Einstein did not write that; it was written by whoever translated the German that Einstein did write into English. This process introduces enough ambiguity that you cannot take the English translations completely literally, and you are reading much more into that word "moved" than can be justified.

Instead, you really have to understand the math, which is way more precise and language-independent.

 

[JohnWisp]

Both twins think the other's clock is dilated, only during the period between the first's acceleration and the second's acceleration. But they can not use clock synchronization during that time.

After the second's acceleration, both think their clocks are running at the same rate. And they can measure the difference in their readings.

That difference will match the difference that the first twin thinks accumulated between their accelerations, not what the second twin thinks. This is because before and after the acceleration, the second twin will have a different definition of "now" for locations other than his own.

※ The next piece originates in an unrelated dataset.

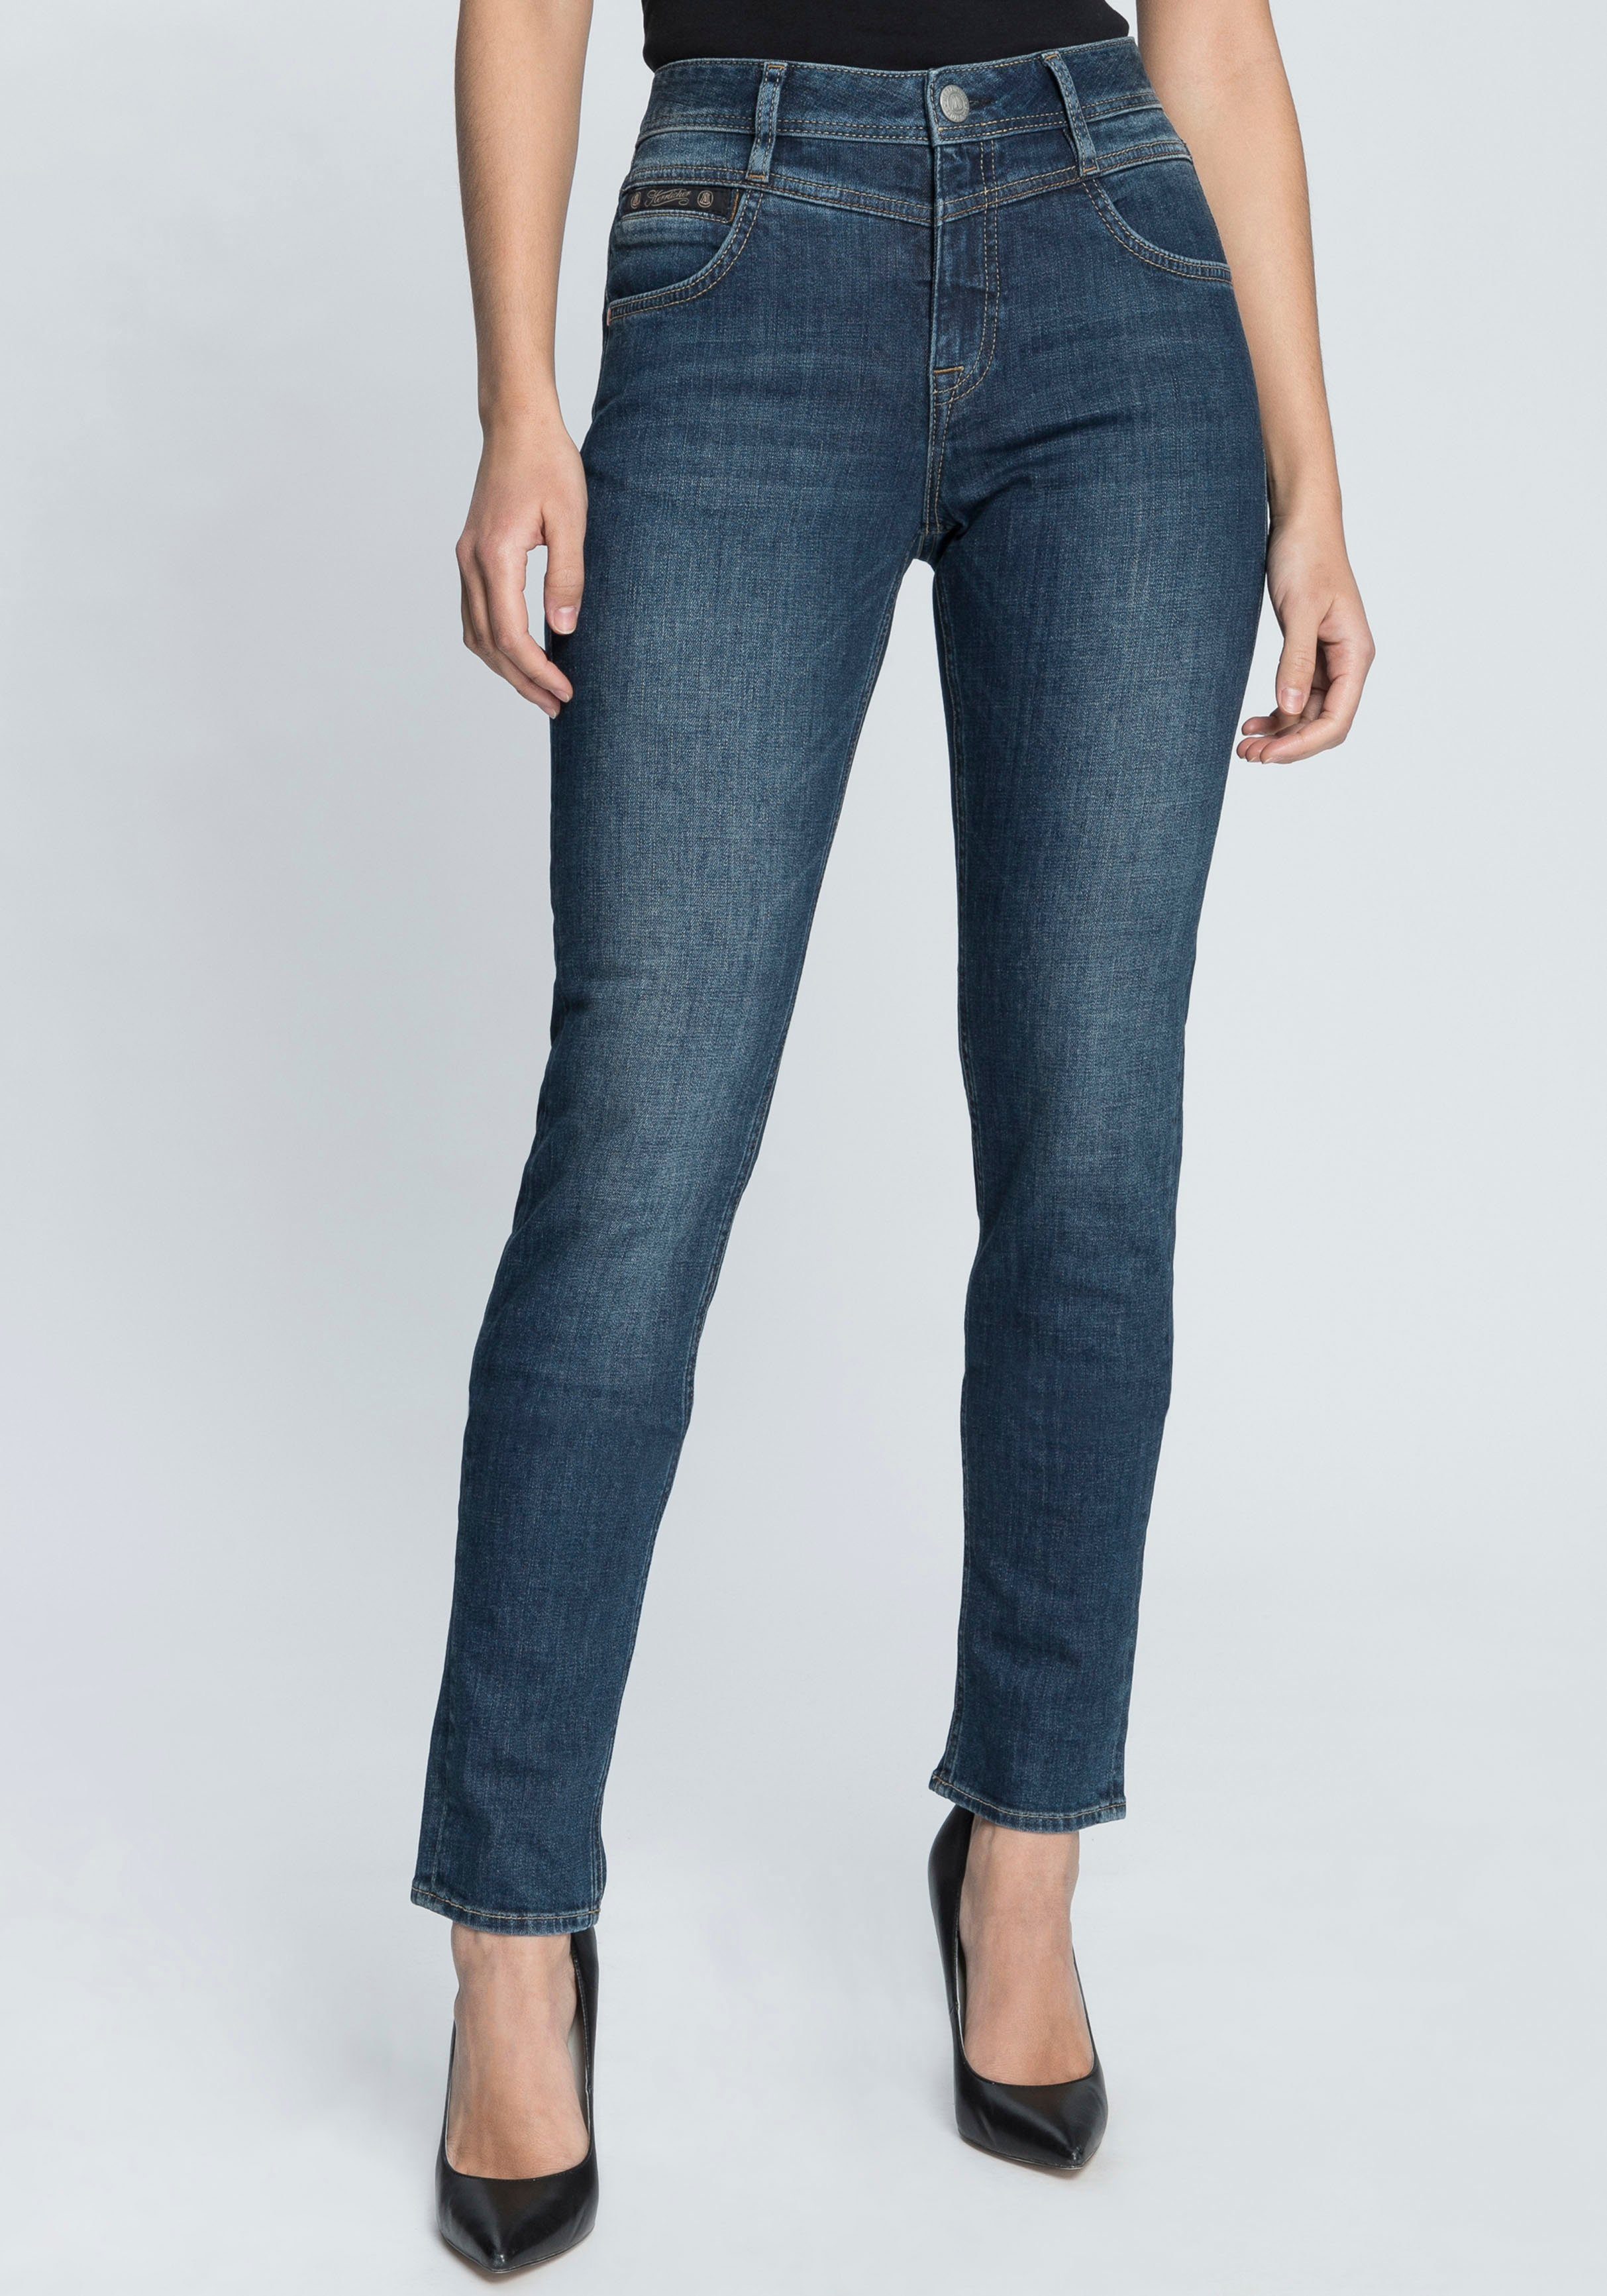 Polyester Herrlicher SLIM PEPPY used 034 Recycled Slim-fit-Jeans DENIM Waist Normal RECYCLED

The very act of acceleration will appear to cause a shift in time, a redefinition of "now" at all distant locations. Locations in the direction of the acceleration will seem to shift into the future, the further away they are the bigger the shift. And likewise locations in the other direction will seem to shift into the past.

So in this specific setup the twin accelerating second will think this for the other's clock: it starts to run slow, but when he suddenly launches it jumps forward in time, and not only makes up the difference but reverses it. Then they both agree, the second twin's clock is behind.

EDIT: This describes the setup with instant acceleration. I didn't read other replies in detail and am not sure why references to constant acceleration were made in some of them, or if the OP is interested in discussing such an alternative scenario.

1) The acceleration shift in time is absolute under special relativity. In fact, it is slowed. So, any accelerated frame will appear to shift into the past. And, the distance it no important unless you have specific acceleration equations that prove your statement.

2) The rest of your post does not matter until you understand accelerating frame tick slower.

The clock postulate generalizes this to say that even when the moving clock accelerates, the ratio of the rate of our clocks compared to its rate is still the above quantity. That is, it only depends on v, and does not depend on any derivatives of v, such as acceleration. So this says that an accelerating clock will count out its time in such a way that at anyone moment, its timing has slowed by a factor (γ) that only depends on its current speed; its acceleration has no effect at all.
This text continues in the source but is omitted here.